Trucking Along- An Update on Trey!

It’s been ages since I last updated on Trey. Fortunately, this is because there’s little to update, at least in the world of Trey combined with MPS II. I read back through my blogs- the last Trey update I gave was in April 2018!

Trey has been receiving IV Elaprase since February 2006 and IT Elaprase since October 2011. We have been waiting for two years to receive news about the approval of IT Elaprase, but there are no answers yet. This is a very loaded question/topic/conversation. While we wait, Trey and our family are good. Trey is receiving drug and has a great quality of life. While we wait, other families who are waiting for drug are not doing so well. Some boys have passed, others have progressed to a stage of disease where the drug is unlikely to help. I remember being on the waiting end of things before IV Elaprase was approved. Trey was diagnosed with MPS II in February 2006 and the drug wasn’t approved by the FDA until July 2006. That was only a 5-month wait and it was hell. Every day you wait while you know irreparable damage is being done to your child; a baby you birthed and love and have huge hopes and dreams for is getting brain damaged and losing hearing and experiencing progressive heart disease and joint contractures while you gaze into their beautiful eyes. I used to stare at Trey, after diagnosis and pre-IV Elaprase, and wonder exactly what damage was being done RIGHT NOW. Every day you are angry. Every day you are sad. Every day you are scared. Every day you are in trauma. Every day is HARD.

Once we have an answer about the IT trial, things for us will either be good for us, and things will truck along like they have been ever since Trey got IT drug, or they will be very very bad. It’s like this: IT drug= trucking along. No IT drug=progression and death. IT drug= being different from others in that Trey has special needs, but being stable so that we know what to expect and can get on with living our lives with Trey as a part of our family, instead of a child who requires so much physical care that the other members of the family get neglected (including ourselves), and so much emotional work to figure out how to be remotely sane while watching your child lose skills and abilities, it often leads to exhaustion and insanity. When I first heard we would receive news “soon” about IT approval- two years ago- I operated with some degree of panic. I feel the panic rising while I write this. However, I have gotten used to waiting, so when it’s not actively on my mind, I’m able to get busy living.

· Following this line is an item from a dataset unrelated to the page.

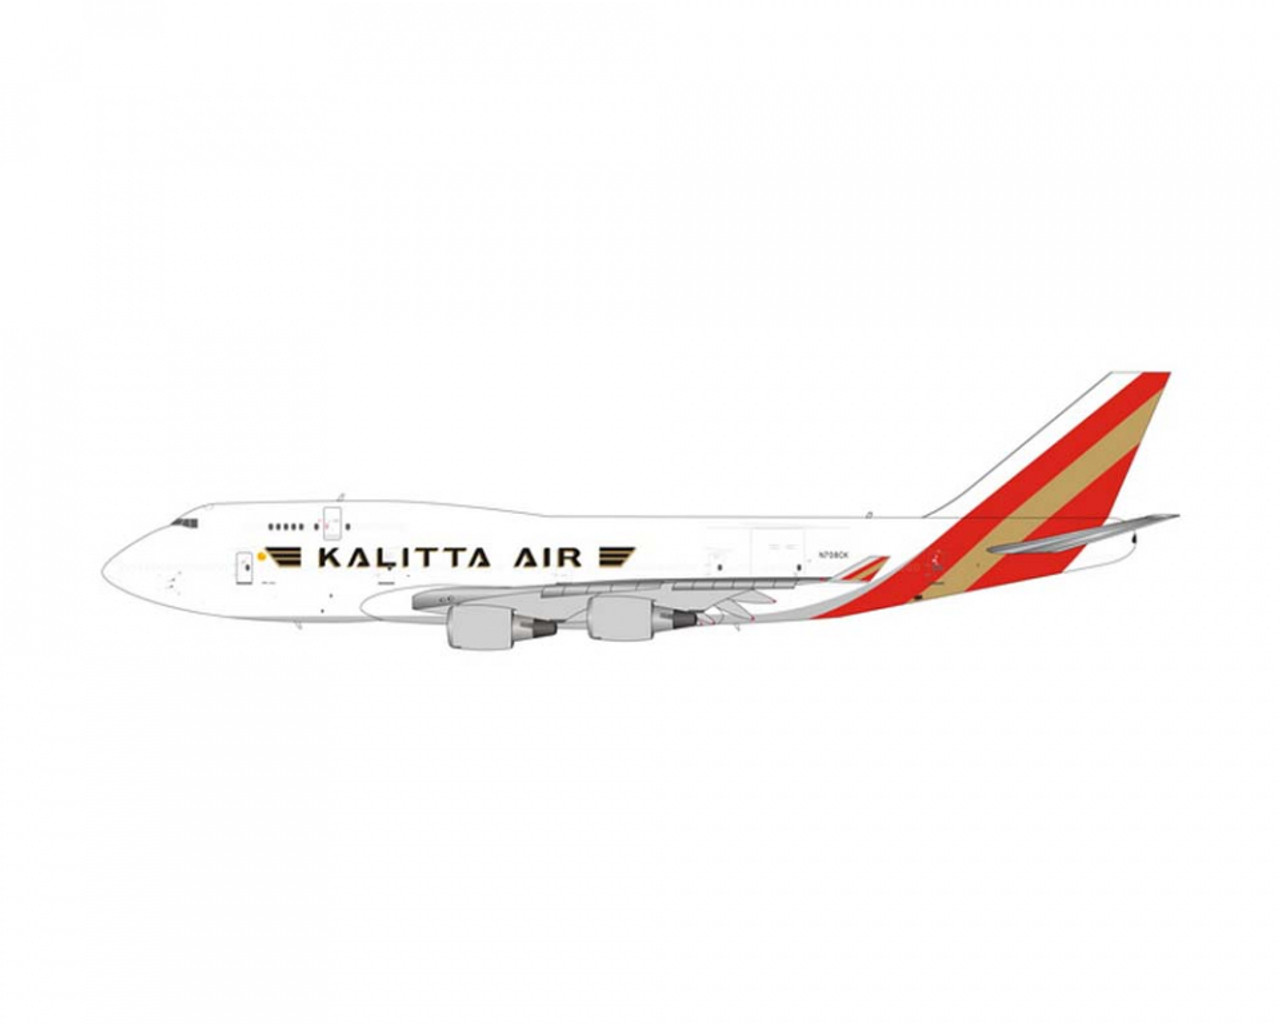 PH400 Kalitta Air B747-400(BCF) N708CK

In April 2018 I wrote about Trey’s obstructive sleep apnea (OSA) and limp. After trying for about 8-months to get Trey to wear a C-Pap machine progressively longer each night, I gave up. If at some point I get the energy back up to try again, I will. It’s the only treatment for OSA, so I felt like a horrible mother for giving up, but I just couldn’t do it anymore. I tried so hard, I was so exhausted, I was doing it on my own 7-nights/week, and I just didn’t see how Trey could get from where he was (tolerating it while lying in bed for up to 20-minutes in the dark, followed by a reward of watching movies while wearing it for progressively less time each night) to where he needed to be (sleeping with it all night- he didn’t even sleep with it once). It didn’t help that research shows boys with developmental disabilities are the hardest population to get to wear a C-Pap machine. Unfortunately, OSA can cause heart issues if it’s bad enough (it’s not in Trey yet) and daytime exhaustion, which would impact Trey’s quality of life, which both suck. L

I also wrote in April 2018 about Trey’s limp. It’s still a mystery. Trey’s had multiple x-rays, MRI’s, orthopaedic appointments, hip specialist appointments, all to no avail. He still limps periodically, and for that reason we don’t really take him to basketball anymore. Aside from basketball, he still gets to do everything he likes to do. Speaking of which, he’s in all sorts of activities. At school, Trey lifts weights, is in swimming lessons, does recycling and shopping for the school and is doing work experience at Maplewood Farm. After school Trey has his weekly infusion, dinner club where a group of teens go shopping for, prepare, eat, work on social skills, and clean up from a meal, with support. He also goes to forest club where they learn about the forest and survival skills! On Saturday’s Trey goes to Teen Club where he hangs out with friends from different high schools and they do all sorts of activities and go on all sorts of trips. Trey has a busy life and he LOVES it!

That’s about it in Trey’s world! Except that… HE TURNS 16 IN MARCH 2020. I can’t quite believe this yet.

I know the holidays can be emotionally loaded for many of us. For those of us who have kids with progressive and rare diseases, the holidays can become even more loaded. My hope this holiday is that you can find at least a few moments of peace and beauty; where you can feel the brilliance of fresh air or good food or good company (even if there are people missing) or a sound or sight or memory that lights you up. Moments… I now aim for great moments… great days or weeks or years set the bar too high I now believe. Great moments seem achievable. 😉

Love Deb

PS. The two pictures are of me and my boys, Trey and Avery, and our five kids (in age order): Trey, Avery, Sadie, Raleigh and Cora.

2nd Annual Construction Cares a Wrap!

That’s a wrap! Our second Construction Cares Event was a HUGE success thanks to all of you wonderful people who attended our event and showed their support, as well as all of you who donated from afar. Construction really does care!! We raised $41,700 for the MPS II Research Fund at The Isaac Foundation this year and we couldn’t be happier with how this whole day went!
BIG thank you to all the volunteers, sponsors, donors, partners and vendors who have made our second annual Construction Cares event the great success it was!

If you’d still like to donate, you can do so at: You can read more about the research we’ve funded here:

AND, in more great news, there will be a 3rd Construction Cares in 2020, so if you’d like to be involved in any kind of volunteer, donor, partner or sponsorship role, you can let me know or keep checking in on Trey’s website: or the MPS II Research Fund on Facebook!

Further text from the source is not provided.